The noble Baroness, Lady Howe of Idlicote, asked about the guidance. That has been paused until the NRM reform is implemented. We are using findings from the pilot, along with the recent report by the Work and Pensions Select Committee on support for victims and the 2014 Home Office review, to shape proposals for long-term reform of the NRM. Officials are now consulting widely with a range of stakeholders, and I value this opportunity to incorporate the views of Peers into this work. It has provided a further opportunity for us to reflect on the existing support and assistance we offer to victims, to consider how best to ensure that victims receive the support they need, and to debate what the long-term offer for victims should be.
On the first point, I am reassured that the assistance and support set out in the Bill broadly reflect the support already provided by the Government to potential victims. For example, all potential victims currently have access to safe accommodation, financial assistance, medical advice and treatment, counselling, a support worker, translation services, independent legal advice and support to return to their home country. Victims’ needs are complex and one size does not fit all. That is why, when victims come into support through the NRM, their individual needs are assessed and a tailored plan of support is put in place according to those needs. In terms of ensuring that victims have access to support, discussions are already in hand on the statutory guidance required under Section 49 of the Modern Slavery Act. This guidance will, as I say, be completed when reforms to the NRM have been confirmed but, in addition, the Government understand the importance of ensuring that the rights of victims are set on a legislative footing.
Section 50 of the Modern Slavery Act gives the Secretary of State the power to make regulations on the identification of and support for victims. I note that my noble friend’s Bill seeks to make exercising this power a requirement. I assure noble Lords that we are considering the most appropriate way to enshrine victims’ rights in the context of the NRM reform programme. Finally, to address the issue of long-term support, the Government are committed to supporting victims and helping them to rebuild their lives. However, I must be clear that the Government do not accept that all victims of modern slavery should automatically be granted one year’s leave: we take them on a case by case basis. It is critical to the Government that victims of modern slavery have options and are supported in considering their future, but we must not assume that all victims wish to remain in the UK. Indeed, many who have been trafficked to the UK would far rather be supported to return home with dignity.
Where leave to remain is granted it is normally for those who are supporting the police, those who need access to medical and counselling support that is not available in their home country, and those who are pursuing compensation for the exploitation they have suffered. Other victims of modern slavery will already have leave to remain in another capacity, and the Government are committed to supporting those who do not qualify for leave to remain to return to their country of origin to rebuild their lives.
The noble Baronesses, Lady Massey of Darwen and Lady Benjamin, talked about child victims, a subject not articulated in the Bill. Child victims of modern slavery receive support through local safeguarding structures, alongside other vulnerable children. However, the Government recognise that they have particular needs and that is why we are committed to rolling out independent child trafficking advocates nationally. We have also funded £2.2 million-worth of projects aimed specifically at supporting trafficked children and reducing their vulnerability to being exploited.
I again thank my noble friend Lord McColl for bringing this issue to the House’s attention. I have looked forward to the debate today and look forward to future ones on this topic.

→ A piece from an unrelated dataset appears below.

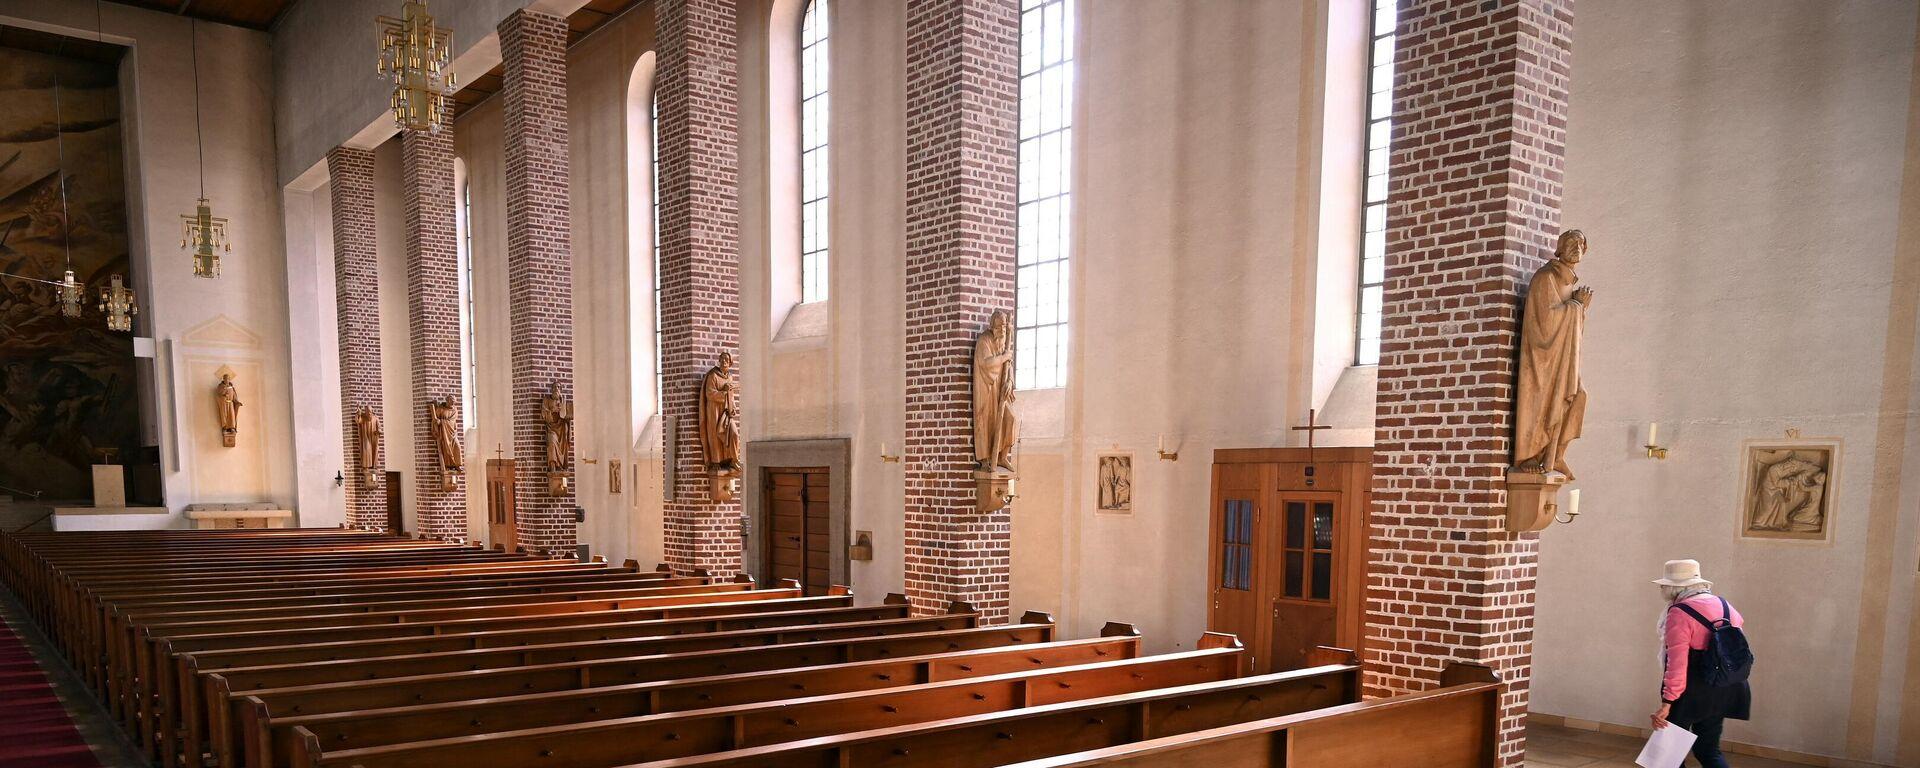 Katholische Kirche (Symbolbild) - SNA, 1920, 20.06.2021

My Lords, I say a very big thank you to everyone who has taken part in the debate, which I found inspiring, moving and encouraging. I thank the Minister for her warm words and encouragement, and look forward to the publication of the evaluation of the NRM pilot scheme. I thank the noble Lord, Lord Anderson, for his gracious acceptance of my reassurances regarding the possibility of abuse of the provisions. I finish with a word of thanks to the many charities that have given me advice, information and encouragement, and which share the stories of some of the victims. I applaud the work they are doing, caring so diligently for these victims, including filling in the gaps in our publicly funded provision.
I commend the Bill to the House and ask your Lordships to give it a Second Reading.
Bill read a second time and committed to a Committee of the Whole House.
Private Notice Question
To ask Her Majesty’s Government what emergency funds they are providing and plan to provide to United Kingdom Overseas Territories in the Caribbean following the devastation caused by Hurricane Irma.
My Lords, I beg leave to ask a Question of which I have given private notice. I declare an interest in having members of my family in the Caribbean.
My Lords, the Government’s priority is to provide immediate emergency relief and to support British nationals. We have moved swiftly and have people and military assets on the ground now. More are on the way. We have also made £32 million available for emergency assistance. We are working in support of the territories’ Governments to develop the best possible assessment of their immediate and long-term needs. As my right honourable friend the Prime Minister said on 7 September,
“we will continue to look at what is needed, and we will provide what is necessary”.
I am most grateful to the Lord Speaker for accepting this Question, and to the Government and indeed the Opposition for co-operating. This is in effect an emergency Question but I recognise that it is late on a Friday afternoon so I am grateful to all parties. With hundreds of thousands of British citizens at risk and potentially in peril, it is vital.
At lunchtime today the Governor of the Virgin Islands announced a disaster emergency for that territory. I fear the same will happen in Turks and Caicos, either tonight or tomorrow. I ask my noble friend: given that hurricanes are not new in the Caribbean and that they always happen at this time of year, why was there no standby facility to deal with this sort of emergency, particularly when we see that France and Holland had prepared and were able to react speedily, much more speedily than we have been able to?
I also ask my noble friend: last weekend, when it was quite clear that this was potentially the worst hurricane that has ever hit the Caribbean, why was there nothing—no questioning or Statement—from DfID? Why did it take until Wednesday for there to be any news of what action it was taking, and Thursday evening for COBRA to be called? I ask my noble friend: for the future at least, can we not ensure that when this sort of disaster is clearly going to happen, Her Majesty’s Government will move with a great deal more speed?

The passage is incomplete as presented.